The Evening Standard has a piece by business editor Jonathan Prynn who says politicians “could soon spoil the party for BP”. He writes: “We are about to enter a very ugly period politically when a prime minister instinctively opposed to interventions such as windfall taxes could be replaced by a successor much more concerned about winning their own mandate in 2024. BP should enjoy the moment, the public demand for action is likely to prove hard to resist”. In the Financial Times, columnist Cat Rutter Pooley writes that BP’s promise to invest in UK clean energy and energy security are a “goodish defence against the public calls for windfall taxes”, but adds that “the problem is these are long-term projects”. She says that while BP is in a difficult situation regarding its public image, “goodwill gestures” such as TotalEnergies’ announcement of a cut to prices at the pump in France could be “politically and financially astute”.
Writer Hamilton Nolan has a piece in the Guardian headlined: “The world is ablaze and the oil industry just posted record profits. It’s us or them.” He writes in favour of radical action and protest: “It is folly to assume that a system that has been constructed in part by the corporate power of the energy industry will find a way to rein in that same industry against its wishes. It’s wilfully stupid to imagine that electoral politics will be up to this task.” Actress Emma Thompson also has a piece in the Guardian on the power of protest, specifically criticising fossil fuel companies’ “greenwashing” practices.
Science.
Ocean acidification can alter natural selection on offspring size of fish and “is likely to drive contemporary evolution”, a new study says.

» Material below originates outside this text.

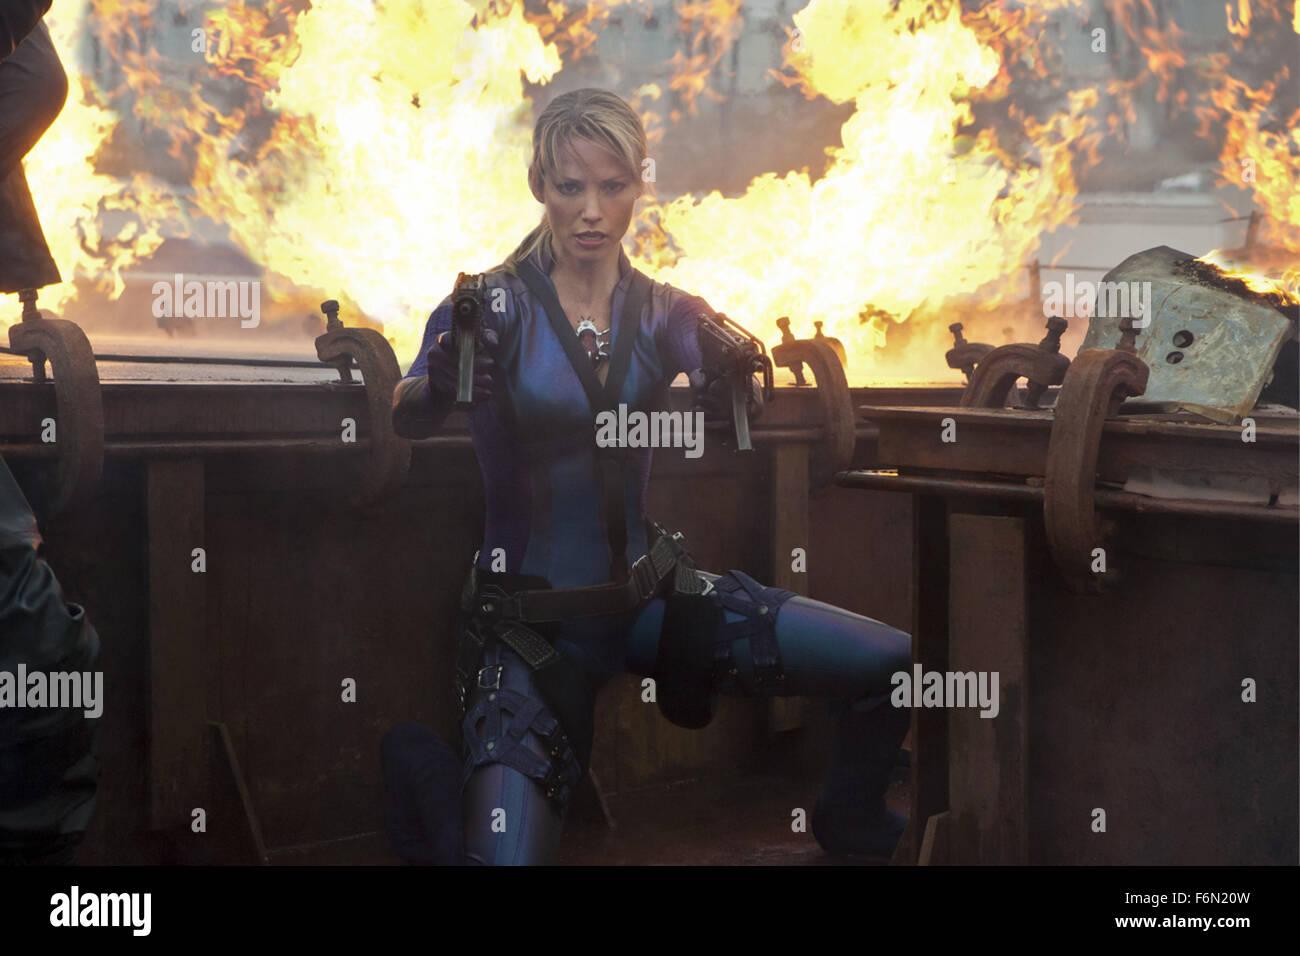 Release Date September 14 2012 Title Resident Evil Retribution

Researching the coastal fish species California grunion, the study demonstrates that “larval mortality is highly sensitive to ocean acidification and that mortality rates are lower for larger larvae”. These effects “are countered by tradeoffs between offspring size and number”, the author notes. They add the the results “suggest that contemporary evolution may offset the projected decline in reproductive success by about 50%”.